Diet Shapes Muscle Aging: What the Latest Research Reveals

Skeletal muscle loss accelerates after age 40, with muscle mass declining at 0.6–1% per year and function at roughly 3% per year, culminating in sarcopenia—a condition linked to falls, institutionalization, and death. This editorial, introducing a Special Issue of Nutrients titled 'Diet and Muscle Metabolism,' synthesizes key findings across multiple studies to advance understanding of how diet and metabolism interact with aging muscle biology.

The biological underpinnings of sarcopenia are multifactorial. Chronic low-grade inflammation ('inflamm-aging'), driven by cytokines such as IL-1, IL-6, and TNF-α, promotes muscle catabolism and reduces food intake. Mitochondrial dysfunction compounds this by generating excess reactive oxygen species (ROS), which damage intracellular macromolecules and trigger innate immune activation via mitochondrial DAMPs, creating a self-reinforcing inflammatory-catabolic cycle. Structural changes—including myofiber atrophy, intermuscular fat infiltration, and gut dysbiosis—further accelerate decline. A large Italian cohort study (n=1,510) within the issue found sarcopenia as the most prevalent musculoskeletal phenotype (17%), followed by osteosarcopenia (14.7%) and sarcopenic obesity (2%), with inflammatory and nutritional biomarkers (CRP, ESR, albumin, iron) significantly associated with these conditions.

Three animal studies in the issue shed light on diet-muscle interactions. Maternal low-protein diet during lactation reduced offspring muscle mass and strength, with sex-specific trajectories—female offspring initially recovered but experienced accelerated muscle loss during aging. A comparison of high-fat/sucrose (HFS) versus ketogenic diets (KD) in rats showed the KD preserved insulin-stimulated glucose metabolism, improved mitochondrial markers, and supported muscle-type-specific ketone utilization, while the HFS diet impaired metabolic flexibility. A third study found that male rats on a high-fat/high-sucrose diet exhibited elevated mitochondrial respiration and insulin resistance compared to females, with transcriptomic analysis revealing distinct sex-dependent differences in PI3K/AKT and PPARα/RXRα signaling pathways.

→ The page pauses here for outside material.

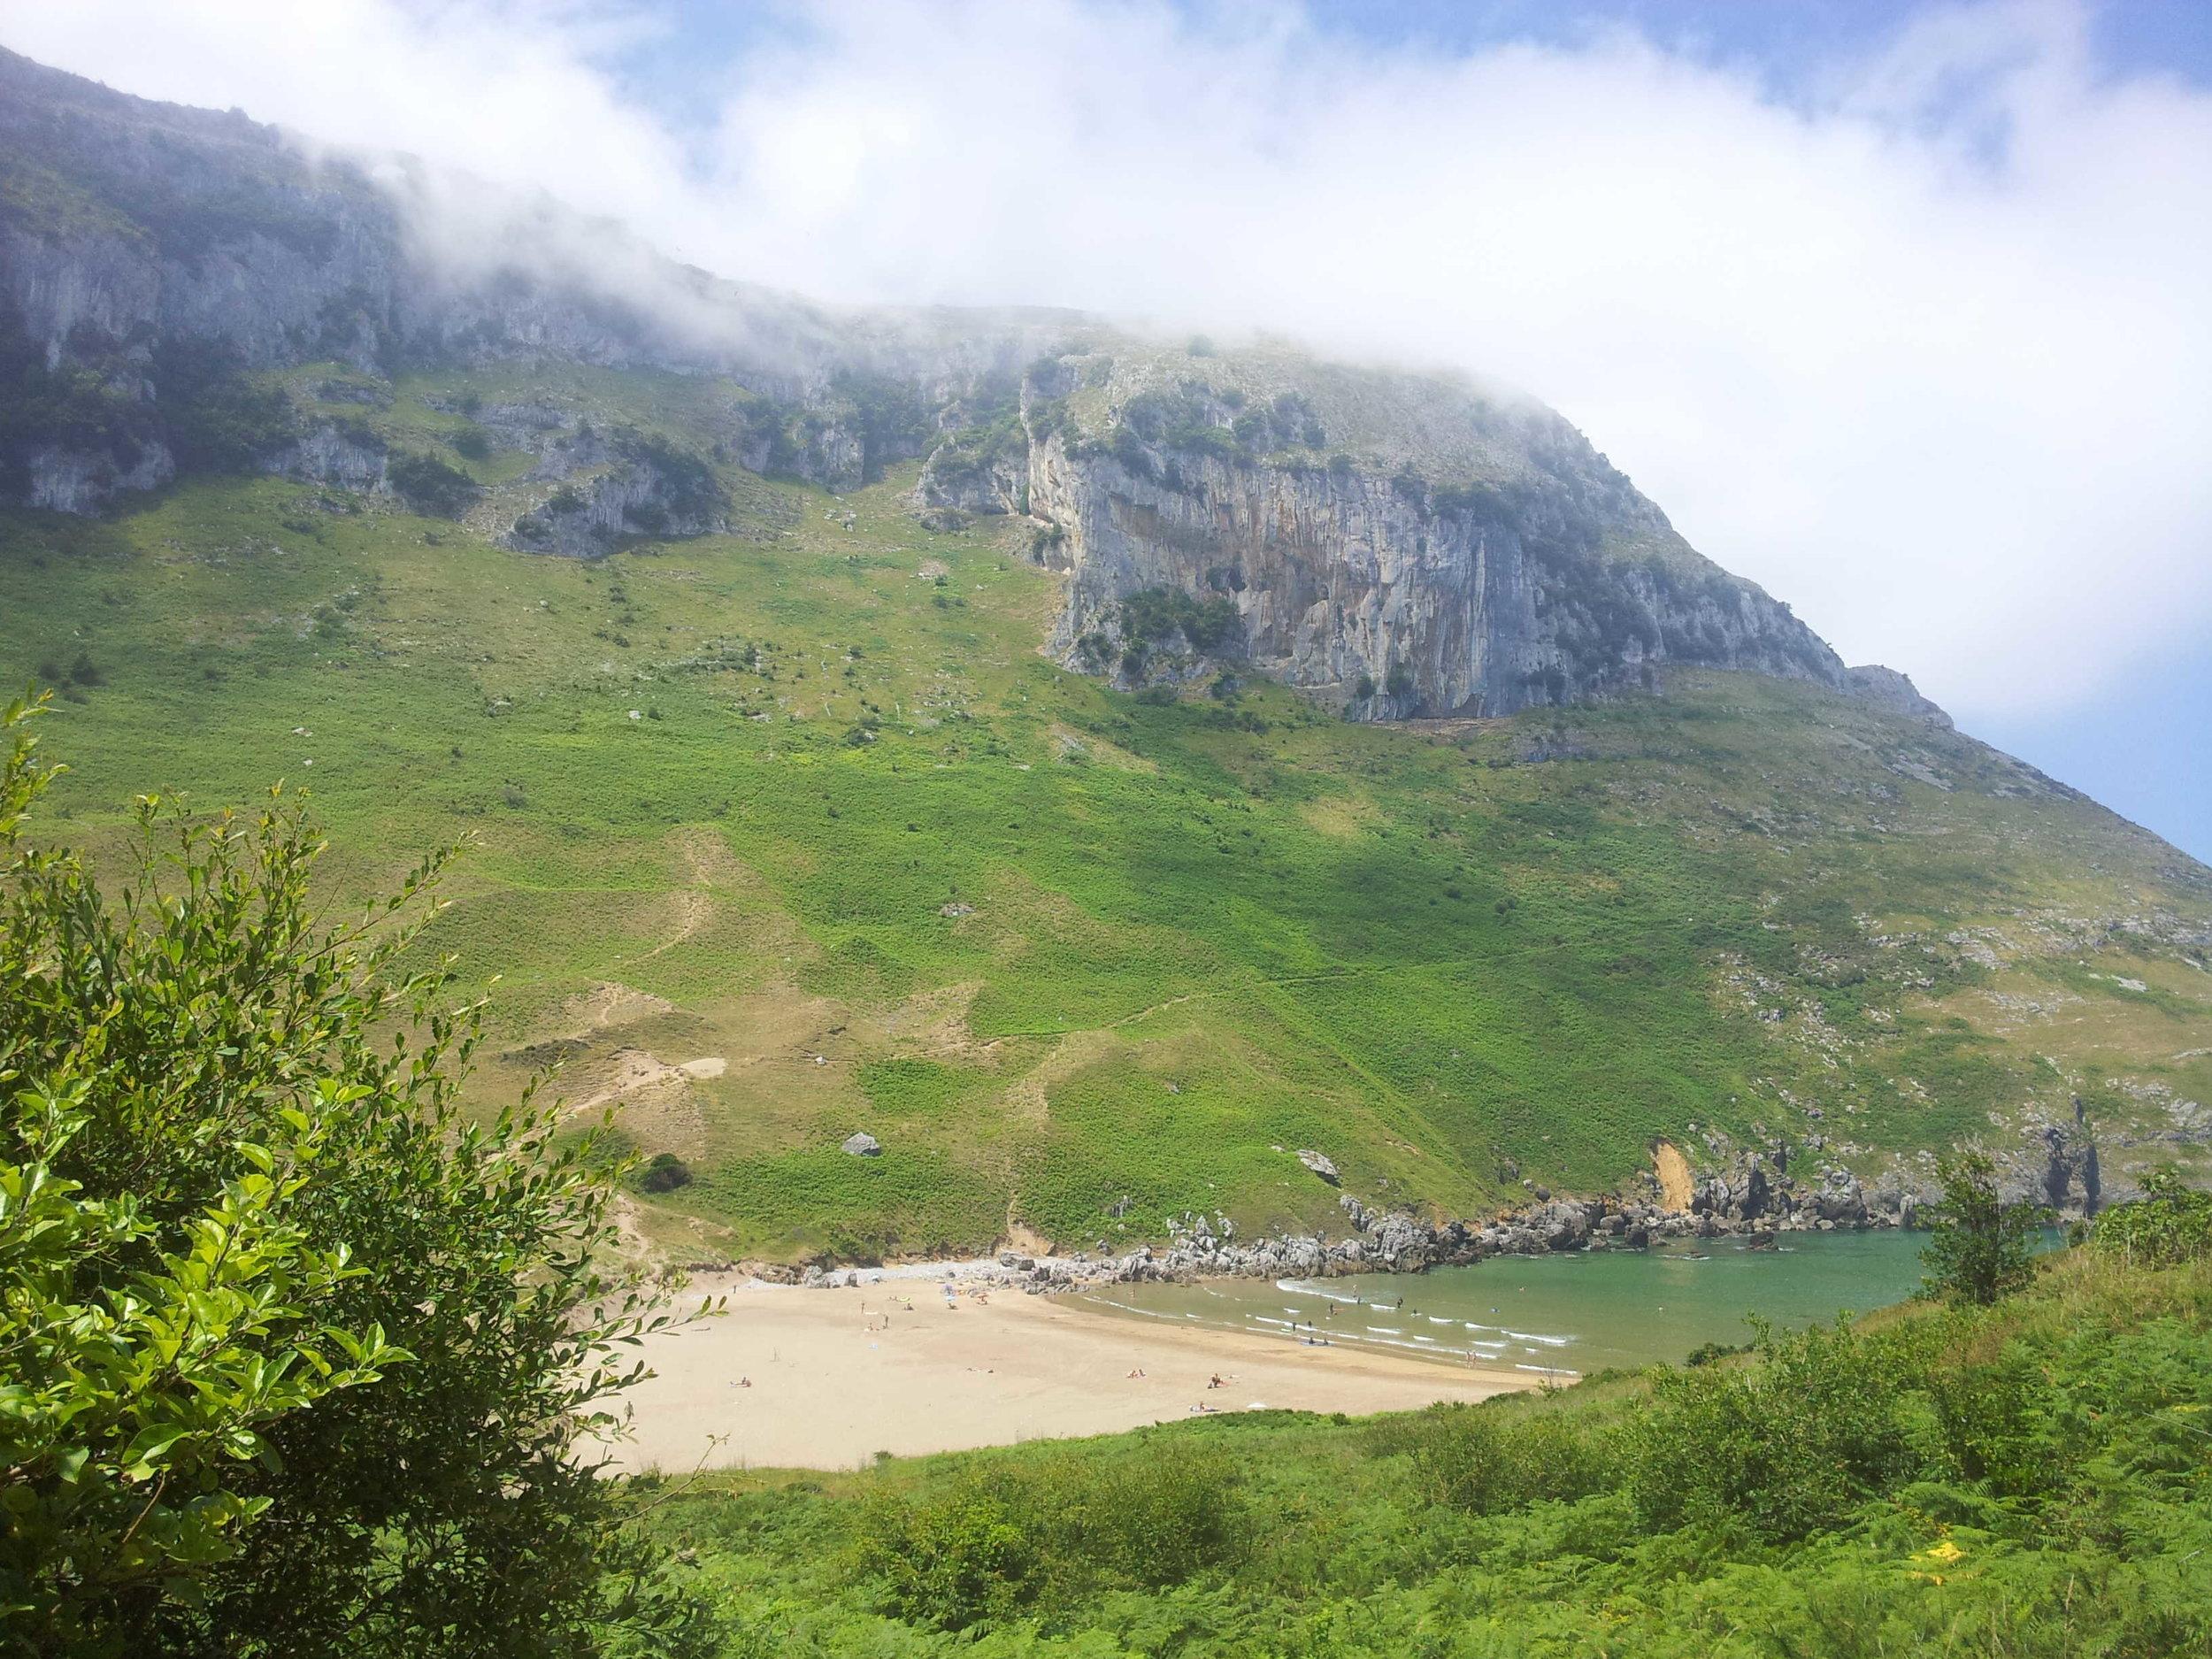 d-casa rural alquiler completo para 14 personas-vacaciones en familia-vacaciones en bilbao-fin de semana en bilbao-amaloka.jpg

On the clinical intervention front, a two-month multidisciplinary residential program (MRP) combining personalized low-energy diet, aerobic plus resistance training five days per week, and cognitive behavioral therapy significantly improved Short Physical Performance Battery (SPPB) scores, reduced fat mass and visceral adipose tissue, and improved glycemic control, lipid profiles, and insulin sensitivity in institutionalized adults with sarcopenic obesity. Beyond protein, compounds such as omega-3 PUFAs, vitamin D, creatine, and HMB show variable but generally modest benefits. Emerging nutraceuticals—resveratrol, quercetin, ursolic acid, urolithin, fisetin, and nicotinamide riboside—target autophagy, senescence, and mitochondrial biogenesis in preclinical models, though human evidence remains limited.

The editorial concludes that no pharmacological treatments currently exist for sarcopenia, making lifestyle interventions—particularly protein-rich diets combined with resistance training—the frontline approach. Personalized nutritional strategies tailored to sex, metabolic phenotype, and clinical status represent the most promising avenue forward, with pharmacological development needed for those unable to benefit from lifestyle measures.